4.8 Undesirable effects
Adverse reactions to OPTISON are rare and usually of a non-serious nature. In general, the administration of human albumin has been associated with transient altered taste, nausea, flushing, rash, headache, vomiting, chills and fever. Anaphylactic reactions have been associated with the administration of human albumin products. The reported adverse events following the use of OPTISON in Phase III human clinical studies have been mild to moderate with subsequent full recovery.
In clinical trials with OPTISON, undesirable effects were reported as adverse events with the following frequencies given in the table below: very common (>1/10); common (>1/100 to <1/10); uncommon (>1/1,000 to <1/100); rare (>1/10,000 to <1/1,000); very rare (<1/10,000); not known (cannot be estimated from the available data). Within each frequency grouping, undesirable effects are presented in order of decreasing seriousness.
System Organ Class |
Frequency
Blood and lymphatic system disorders
Eosinophilia
Uncommon
Nervous system disorders
Dysgeusia (altered taste), headache
Tinnitus, dizziness, paraesthesia
Common
Rare
Eye disorders
Visual disturbances
Not known*
Cardiac disorders
Ventricular tachycardia
Rare
Respiratory, thoracic and mediastinal disorders
Dyspnoea
Uncommon
Vascular disorders
Flushing
Common
Gastrointestinal disorders | Nausea | Common |
General disorders and administration site conditions | Warm sensation Chest pain | Common Uncommon |
Immune system disorders | Allergic type symptoms (e.g. anaphylactoid reaction or -shock, face oedema, urticaria) | Not known |
Reactions for which no frequency rate can be provided due to lack of clinical trial data have been classified as “Not known”.
Reporting of suspected adverse reactions
Reporting suspected adverse reactions after authorisation of the medicinal product is important. It allows continued monitoring of the benefit/risk balance of the medicinal product. Healthcare professionals are asked to report any suspected adverse reactions via the national reporting system listed in Appendix V.
4.9 Overdose
No case of overdose has been reported.
In the Phase I trial, healthy volunteers have received up to 44.0 ml of OPTISON and experienced no significant adverse events.

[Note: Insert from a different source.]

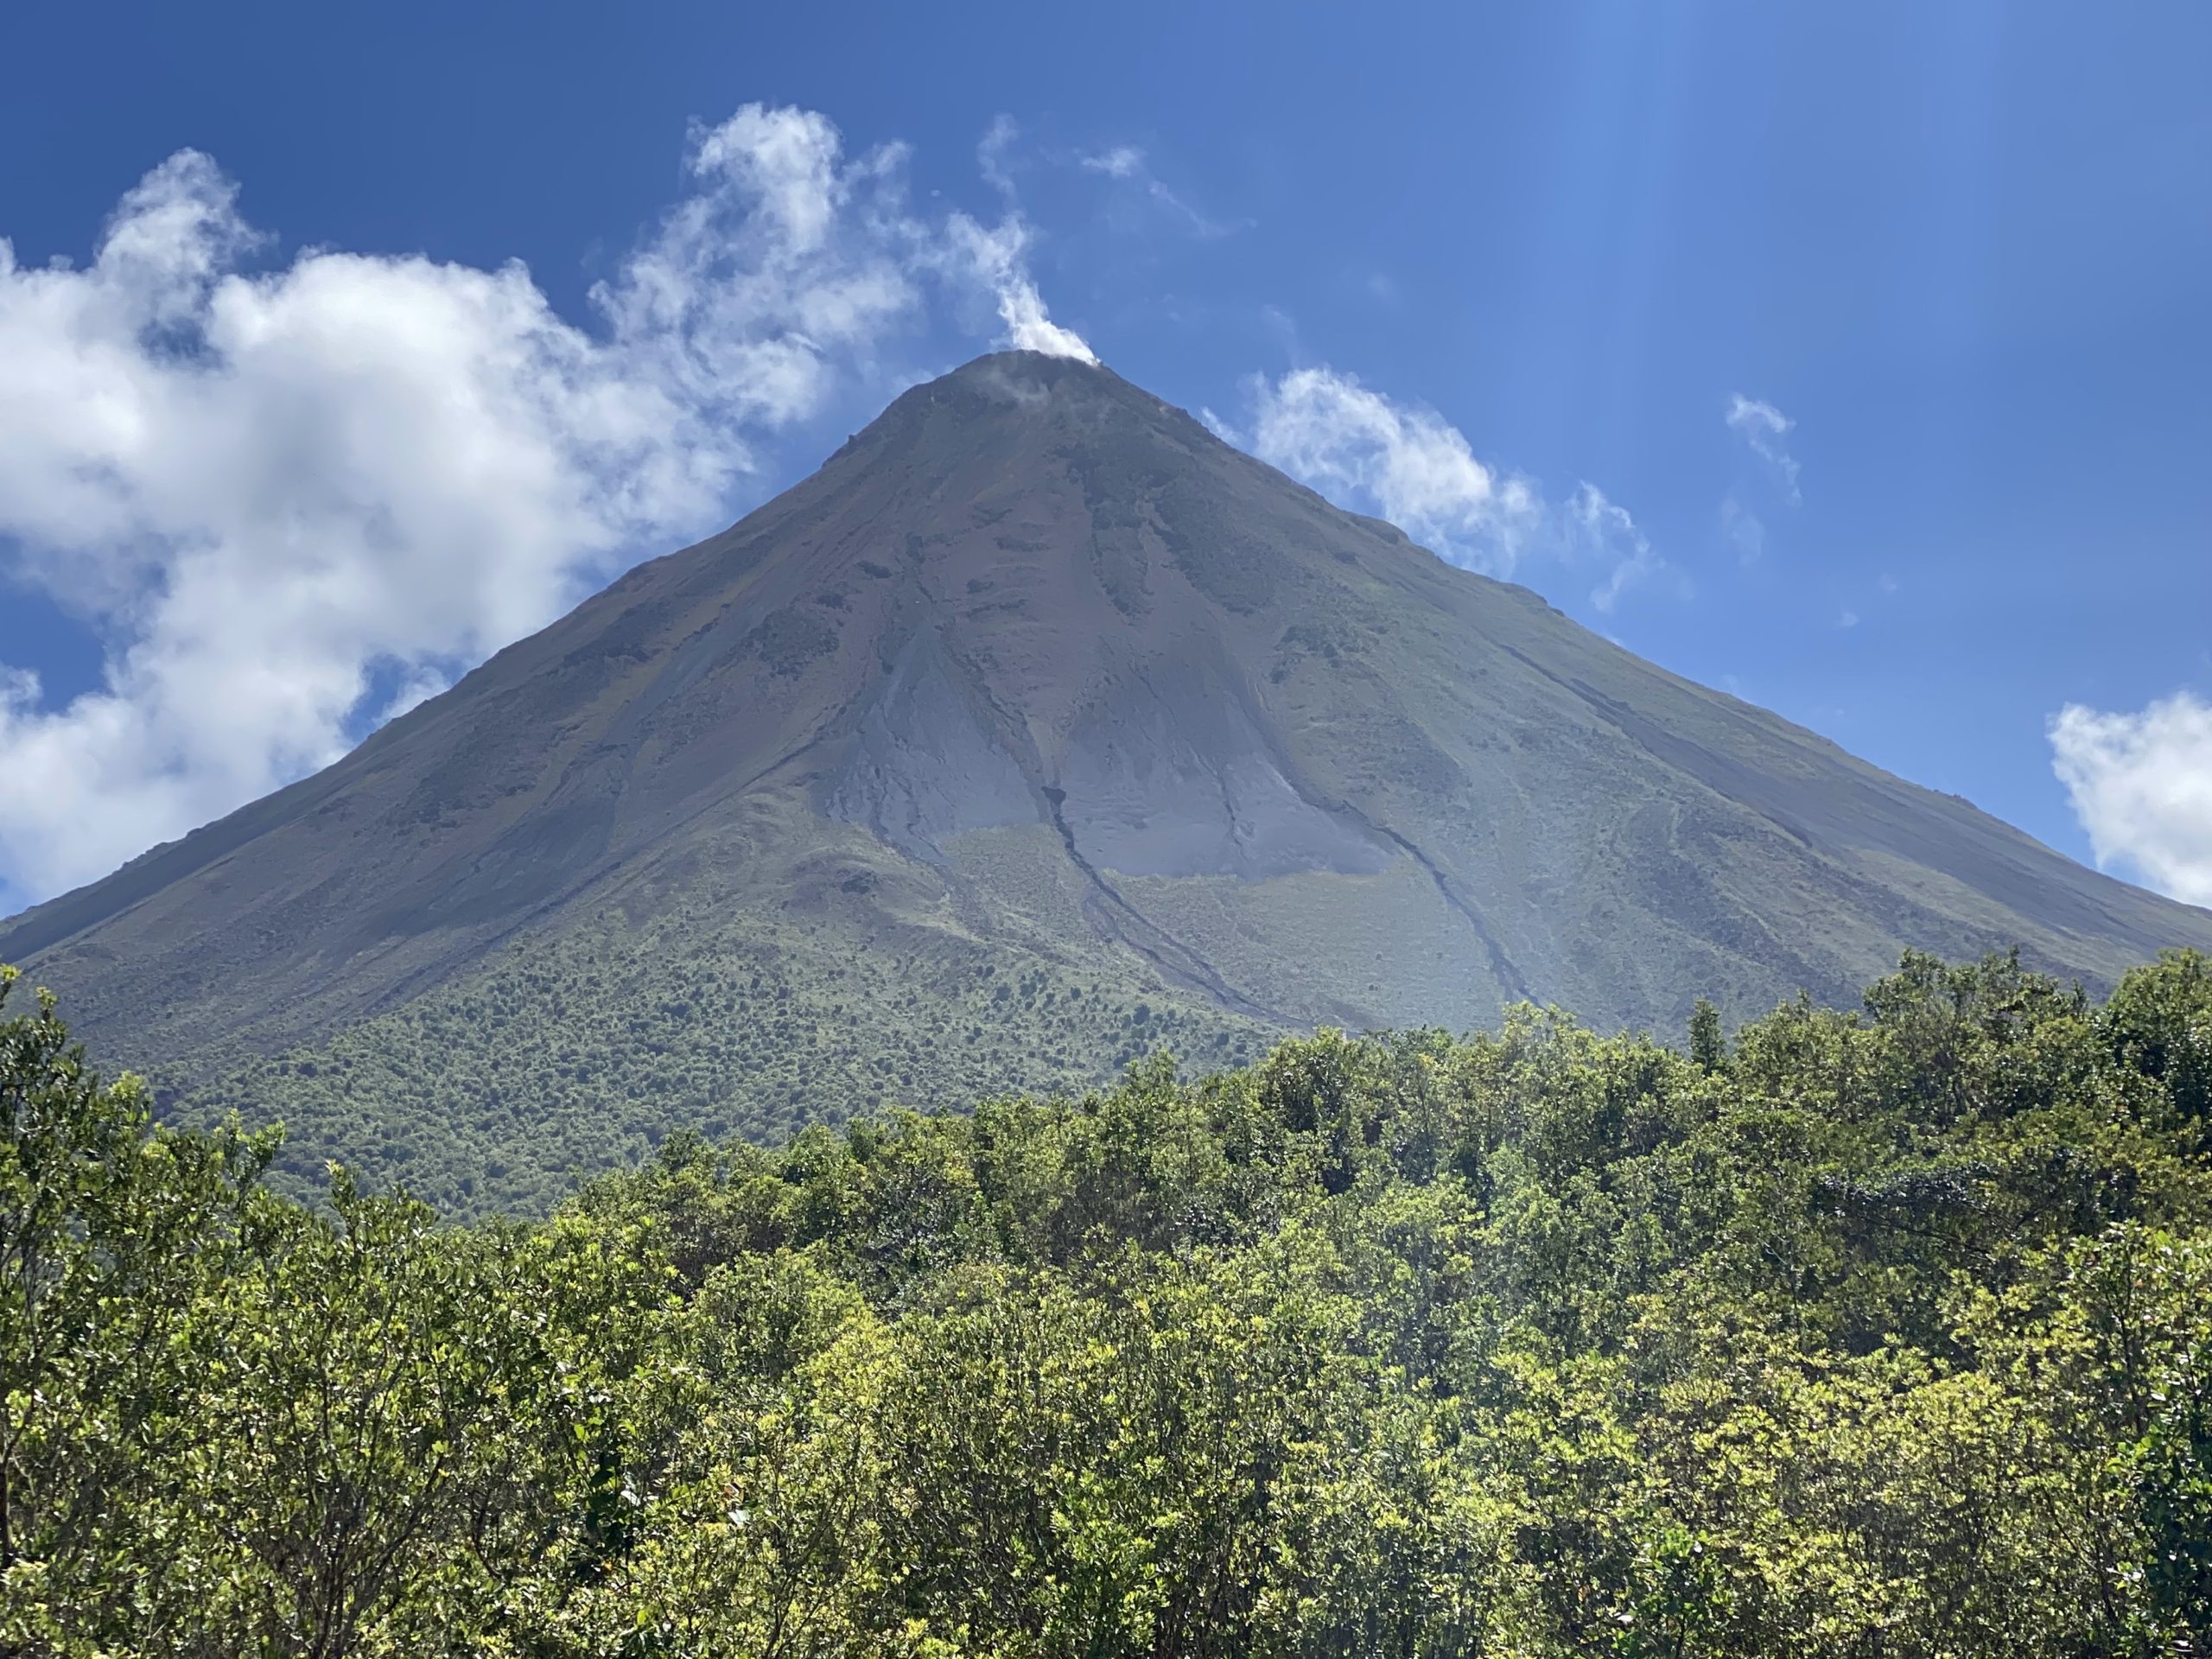 Gate 1 Travel Review: Costa Rica 2022

5. PHARMACOLOGICAL PROPERTIES5.1 Pharmacodynamic properties
Pharmacotherapeutic group: Ultrasound contrast medium, ATC Code: V08D A01
When used in conjunction with diagnostic ultrasound, OPTISON provides opacification of cardiac chambers, improvement in delineation of endocardial borders, enhancement of the Doppler signal, and visualisation of wall motion and blood flow within the heart.
The ultrasound echoes from blood and biological soft tissues such as fat and muscles are generated at interfaces due to small differences in the ultrasonic properties of the tissues. The ultrasonic properties of microspheres containing perflutren are very different from that of soft tissue and will generate strong echoes.

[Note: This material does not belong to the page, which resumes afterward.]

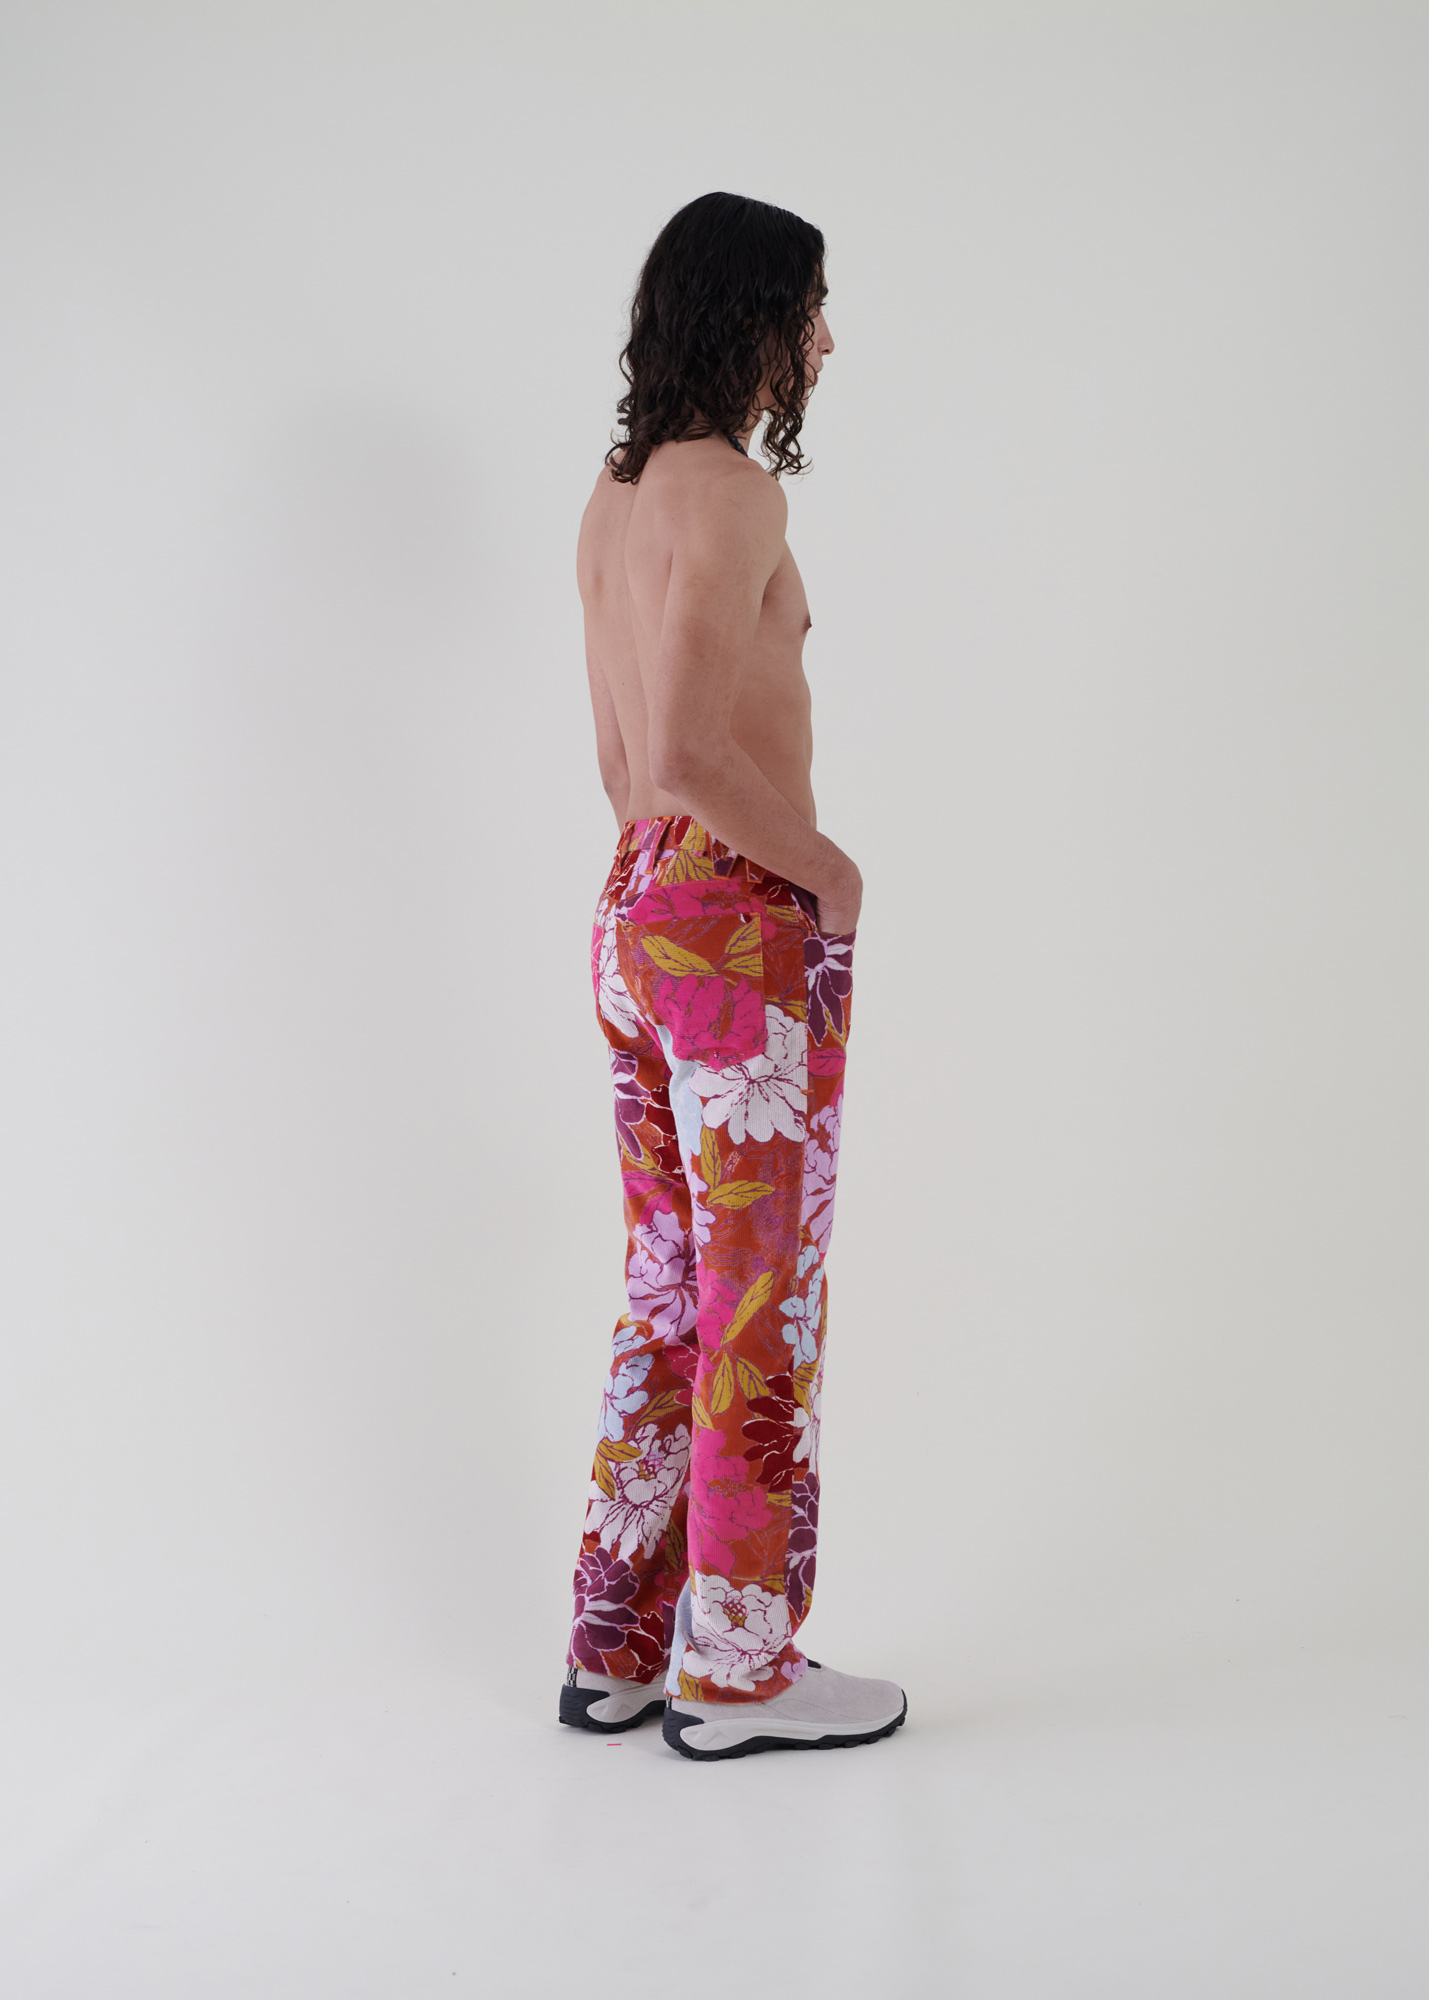 Sustainable fashion with upcycled cotton corduroy trousers from Aldwin Teva William

OPTISON consists of perflutren -containing microspheres. The microspheres have a mean diameter of 2.5 – 4.5 microns and concentrations of 5–8 × 108 microspheres/ml. Microspheres in this size range contribute to the contrast effect by generating strongly enhanced echoes.
As OPTISON consists of microspheres that are stable and small enough for transpulmonary passage, it will also give enhanced echo signals in the left heart cavities.

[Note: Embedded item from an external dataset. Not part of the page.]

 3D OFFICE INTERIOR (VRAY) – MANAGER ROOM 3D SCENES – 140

As a consequence of the complex relationship between the concentration of the microspheres and the ultrasound signal, data processing within the ultrasound equipment and the fact that each individual responds differently due to variability in cardiac and pulmonary function, a strict dose/response relationship cannot be defined. The dose of OPTISON will therefore have to be adjusted individually, although clinical studies have shown that an initial dose of 0.5 – 3.0 ml per patient can be recommended for left heart opacification. Higher doses produce greater contrast effect of longer duration. Duration of useful contrast effect at the recommended dose is adequate to perform a complete echocardiographic examination including Doppler assessment.
Use the smallest dose for adequate opacification of cavities since larger doses produce image blocking effects with the possibility of obscuring important information.
In two uncontrolled studies including a total of 42 children and adolescents, aged 8 months to 19 years, the safety profile appeared to be similar to that seen in adults. Doses administered in one study were 0.2 ml above 25 kg body weight and 0.1ml under 25 kg, and in a second study 0.5ml above 20 kg body weight and 0.3 ml under 20 kg, by bolus peripheral intravenous injection followed by a saline flush. Low mechanical index was used for ultrasound imaging.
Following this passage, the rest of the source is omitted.